The oscillation differences during high and low music listening were located at the frontal cortex as shown in subject s1, and the reactive frequency range was concentrated between 20 and 35 Hz. The activation patterns in music imagination were found to be similar to those in music listening. This indicates that it is possible to train the subject’s music imagination through guided music listening followed by music imagination recall of the previously heard music. It was unexpected that the oscillation difference between high and low music listening is located at the frontal cortex instead of the auditory cortex [18], but a greater number of subjects in the future will help to explain this discrepancy.

As this is a pilot study, more subjects will be recruited to solidify this finding. The event related potential (ERP) with respect to different music stimulation and also the instructing void cue will be further analyzed to localize the brain activation source, and ERP features will also be investigated for discrimination analysis. The subject’s musical experience and musical background may also play a significant role in the subject’s ability to use music imagination BCI control. The subject’s engagement in the music and personal preference may also come into play [16]. These will be taken into consideration in future data collection and analysis. The ultimate goal is to provide a way for subjects to use music imagery to control a BCI independent of the music listening cue prior to imagery.

There are a few limitations to this study, such that there is no control over the quality of the subjects’ music imagery. Further, the subject’s motivation level can also skew the results, such that if the subject was not motivated, the effect would be smaller [16].
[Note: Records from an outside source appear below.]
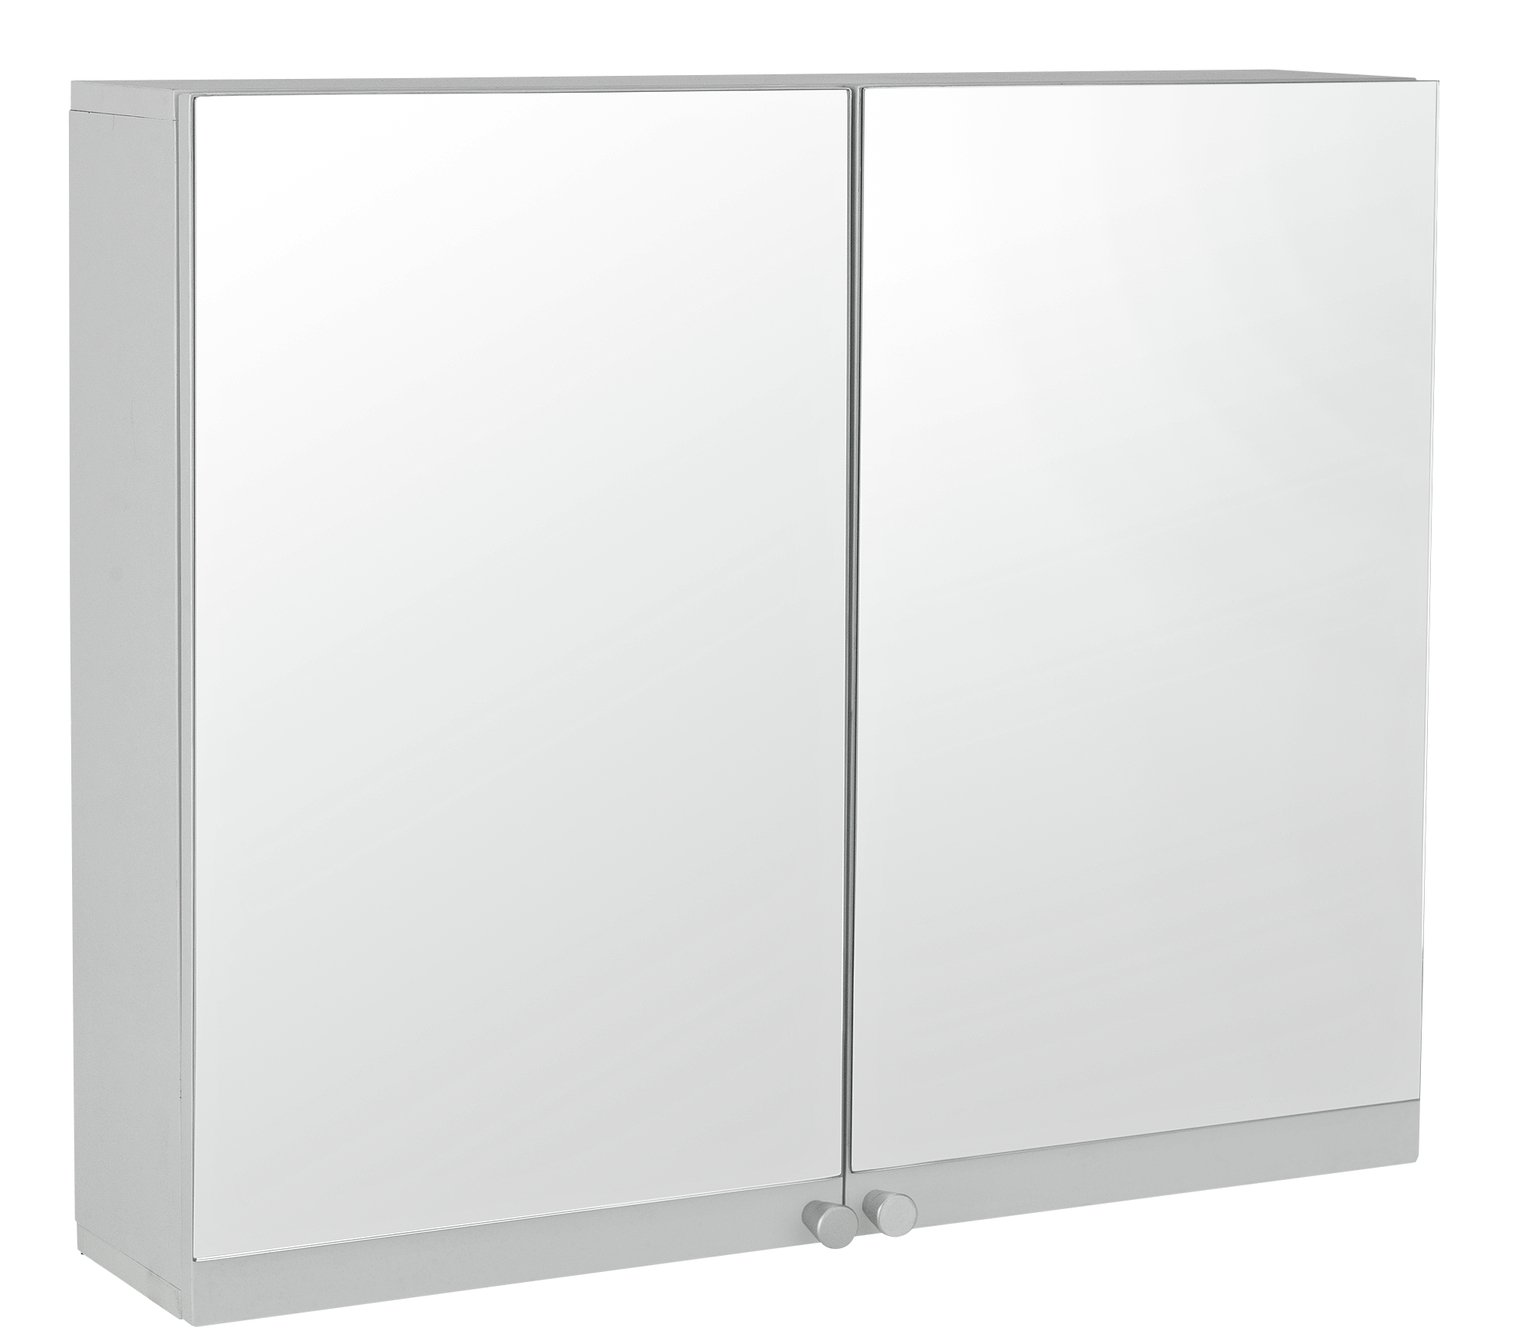 Argos Home Prime 2 Door Mirrored Cabinet - White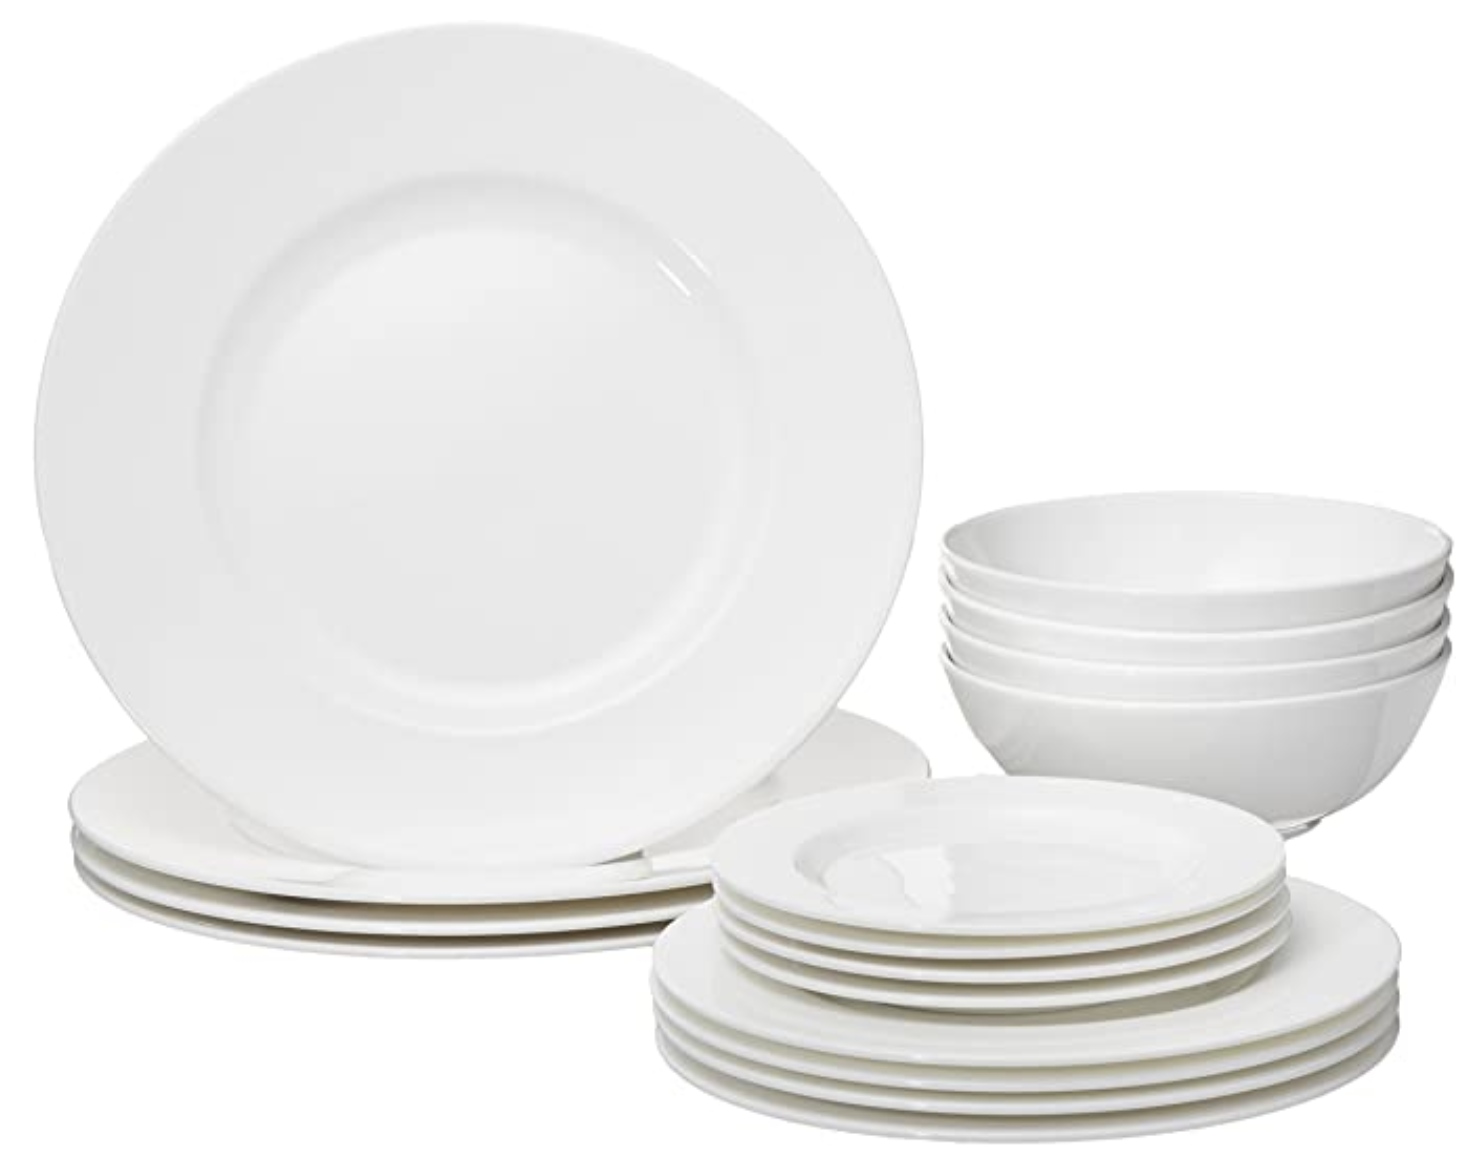 2). Lenox Classic White 16-Piece Dinnerware Set. 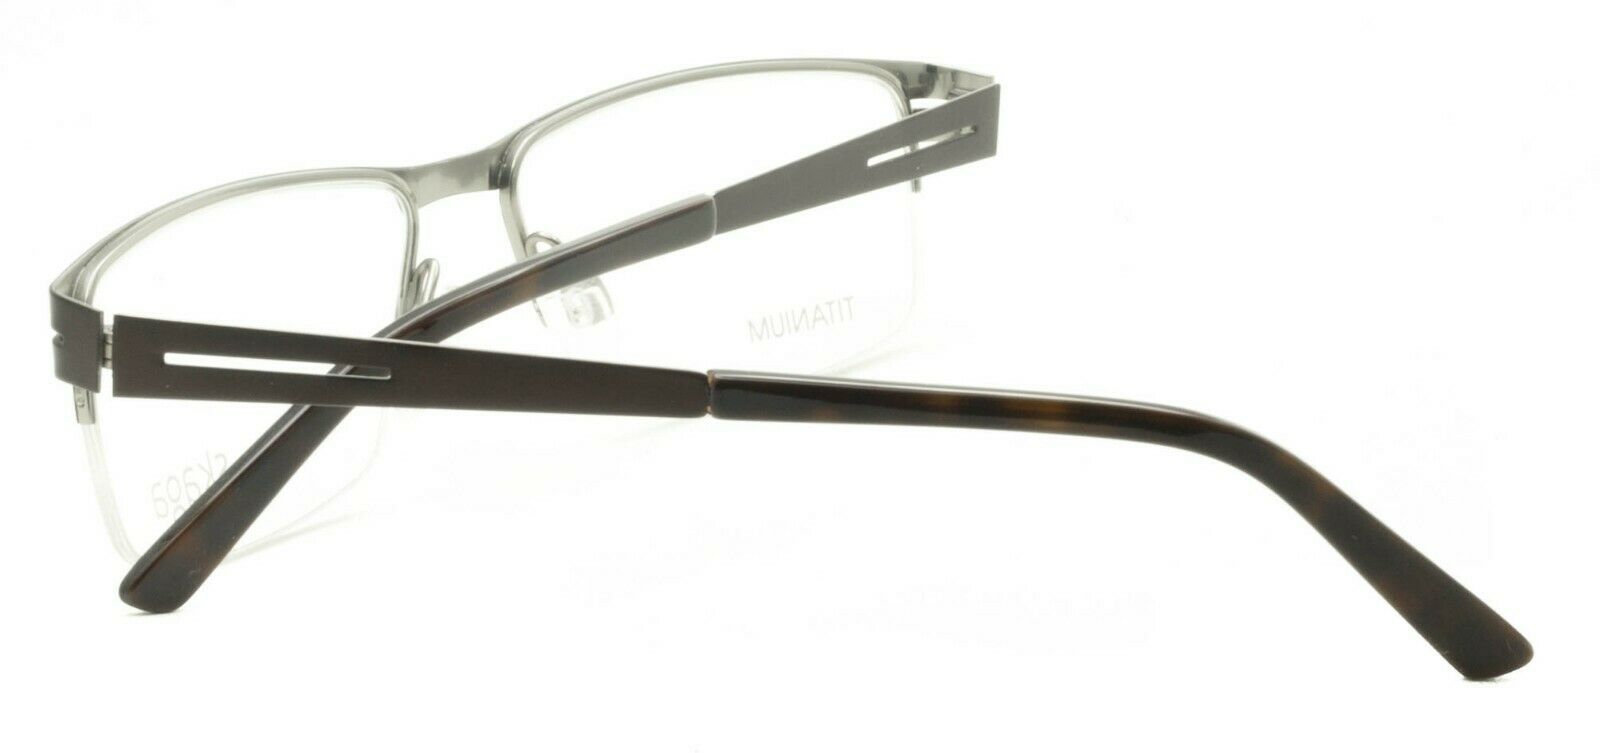 SKAGA SWEDEN 3750 TOMAS 5201 55mm Glasses RX Optical Eyeglasses Eyewear - New

In summary, the current work found a reactive frequency range concentrated between 20 and 35 Hz. The activation patterns in music imagination were found to be similar to those in music listening.

5 Conclusion

In this work, we have shown that imagination of low and high scale music can be discriminated on EEG signals and potentially be translated into a modality for independent BCI control, through providing music listening guided training. The music imagination based BCI system will expand the variety of BCI commands and hold the potential in music composition solely through brain activity.